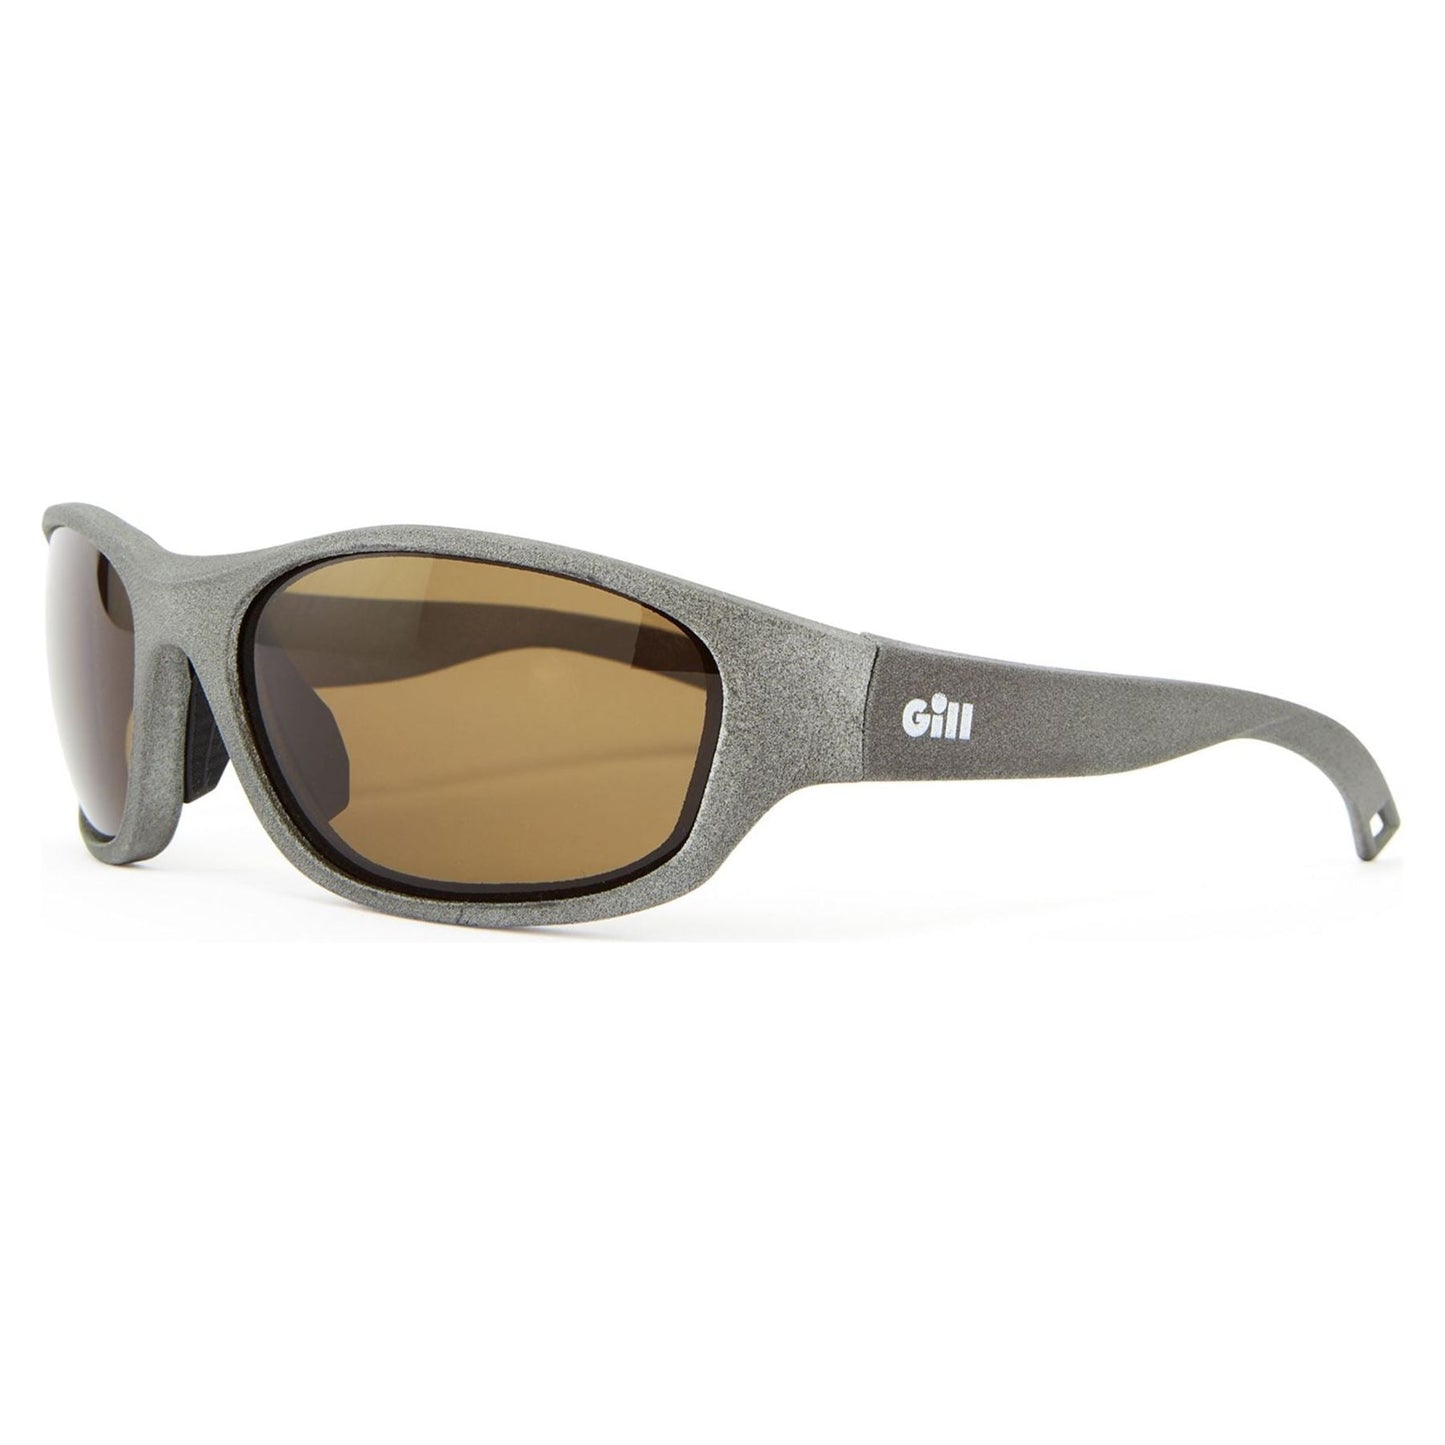 Gill Classic Sunglasses
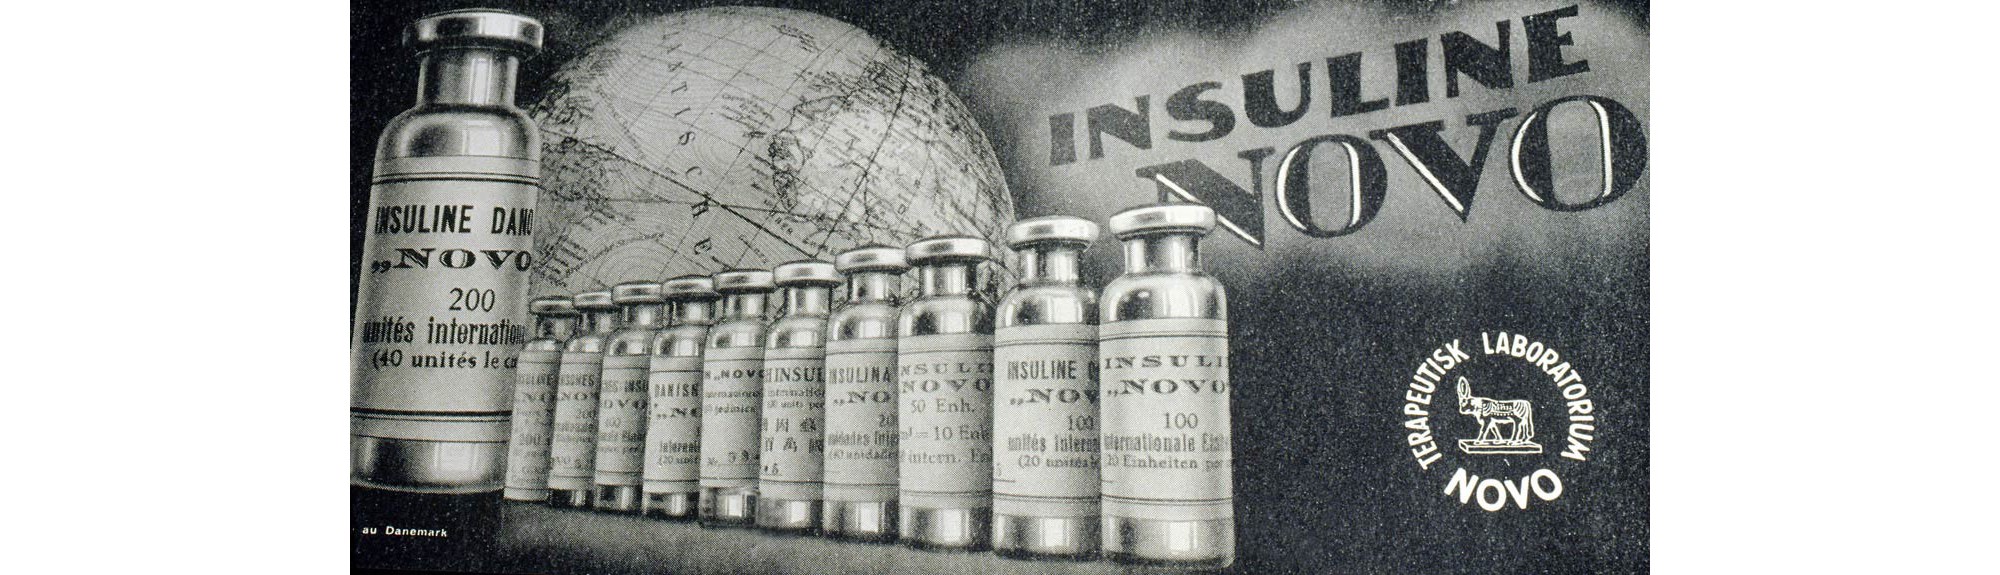 Insulin Novo reklame i 1930.
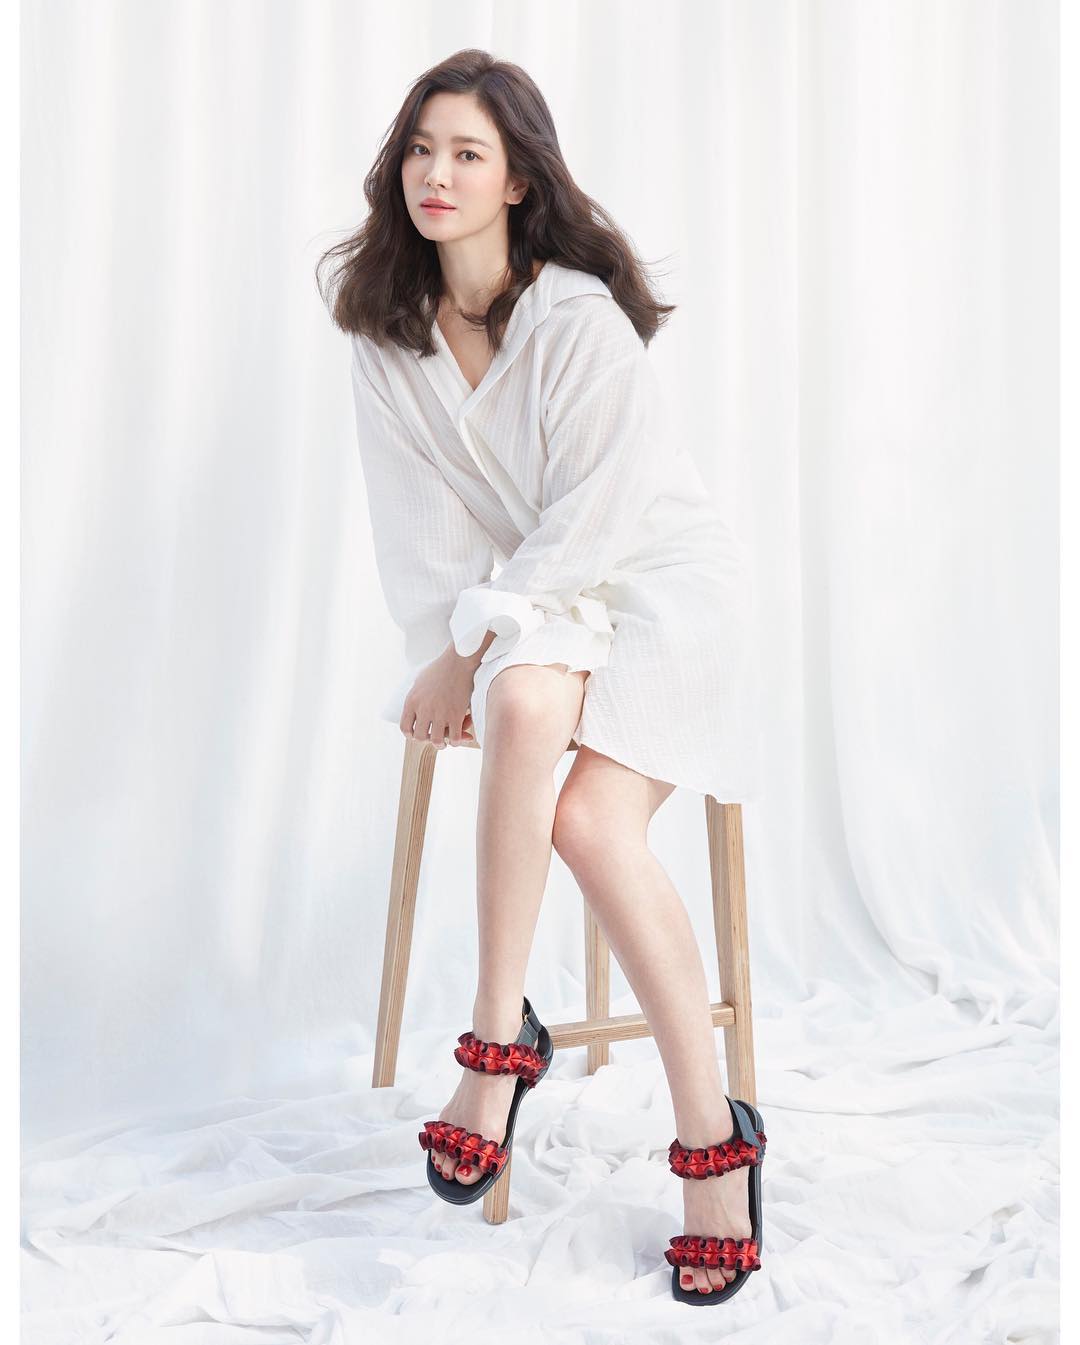 Bertubuh Porposional, 10 Aktris Korea Ini Cantik dengan Tinggi Semampai

> [Task brief]:
Pictures stay out. Return exactly the lines from the one with "Insulin Novo reklame i 1930." through the last line of the data.

> [Result for this exercise]:
 Insulin Novo reklame i 1930.
 Bertubuh Porposional, 10 Aktris Korea Ini Cantik dengan Tinggi Semampai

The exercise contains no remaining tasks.